As we begin to emerge through the mists of the battlefield of covid-19, many of us – maybe all – are maimed by loss. We have lost time with precious grandchildren, moments of their young lives which can never be recovered. We have lost time with our precious elderly mothers and dads and aunts and uncles, moments of sunset beauty which are fleeting, fading away before the long night. We have lost loved ones to the virus or other ailments, and have lost the precious moments to share our grief with others who loved them, watching on YouTube from afar. We have lost momentum and direction, lost jobs, lost travel plans, lost celebrations, lost our own health.  Children have lost social skills, education; students have lost the heady freedoms of university life.

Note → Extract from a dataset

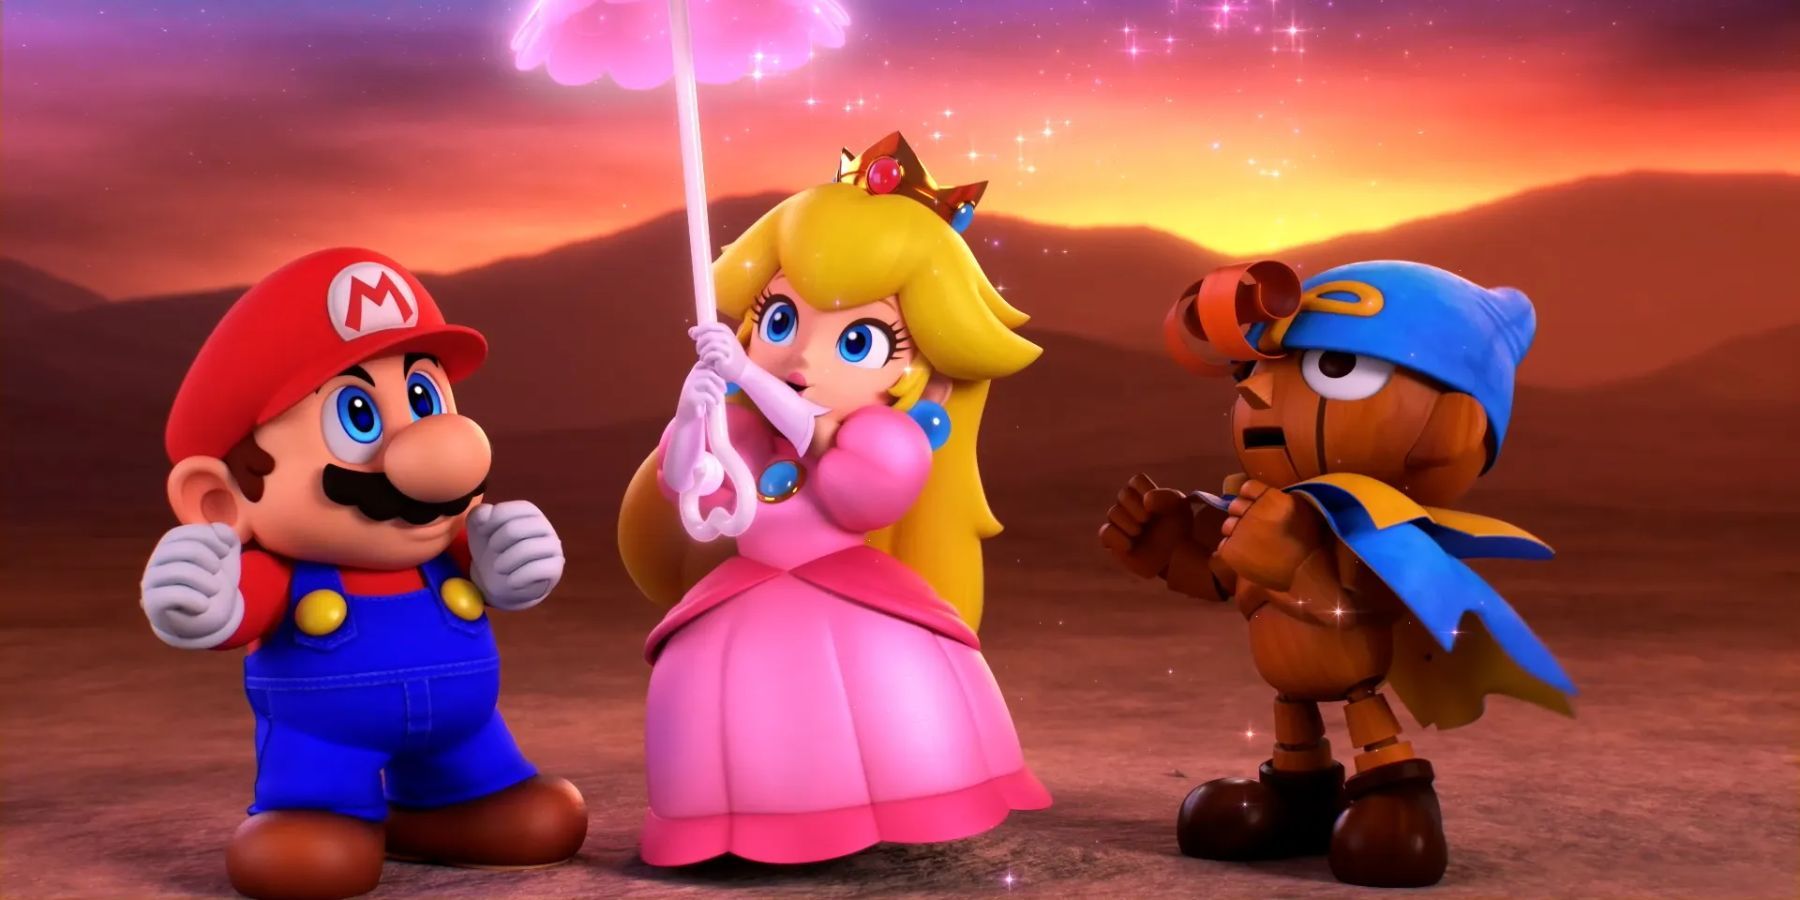 Super Mario RPG's updates are looking both whimsical and bittersweet

It has been a season of profound loss. (It has also been a season of unexpected, hidden blessing. But that’ll be a subject for another blog.)

That branch was torn off by a delivery truck, but the tree still stands. Soon, new leaves of spring will sprout and grow. What was asleep will awaken again and there will be beauty. It’s time for the fingers of bark to release their hold of the broken stump, and to focus on new life. It’s time for hope to rise, for joy to return.

Whatever was torn away from us, whatever we have lost, it’s time to cut away the scar tissue that keeps the pain dangling in the winds of life. It’s time to drop the ache and despair. New life is coming. The vaccines are working. The promise of spring is just around the corner.

Together, we emerge from the very real battlefield on which we have all been for a year. Together we encourage each other as we recover our joy, as hope inspires smiles and tentative expectations are birthed.

Together we lean into Jesus. Some of us will look back at these days like the writer of the famous Footprints poem, and we’ll see just the one set of footprints. When we couldn’t take another step, Jesus has carried us.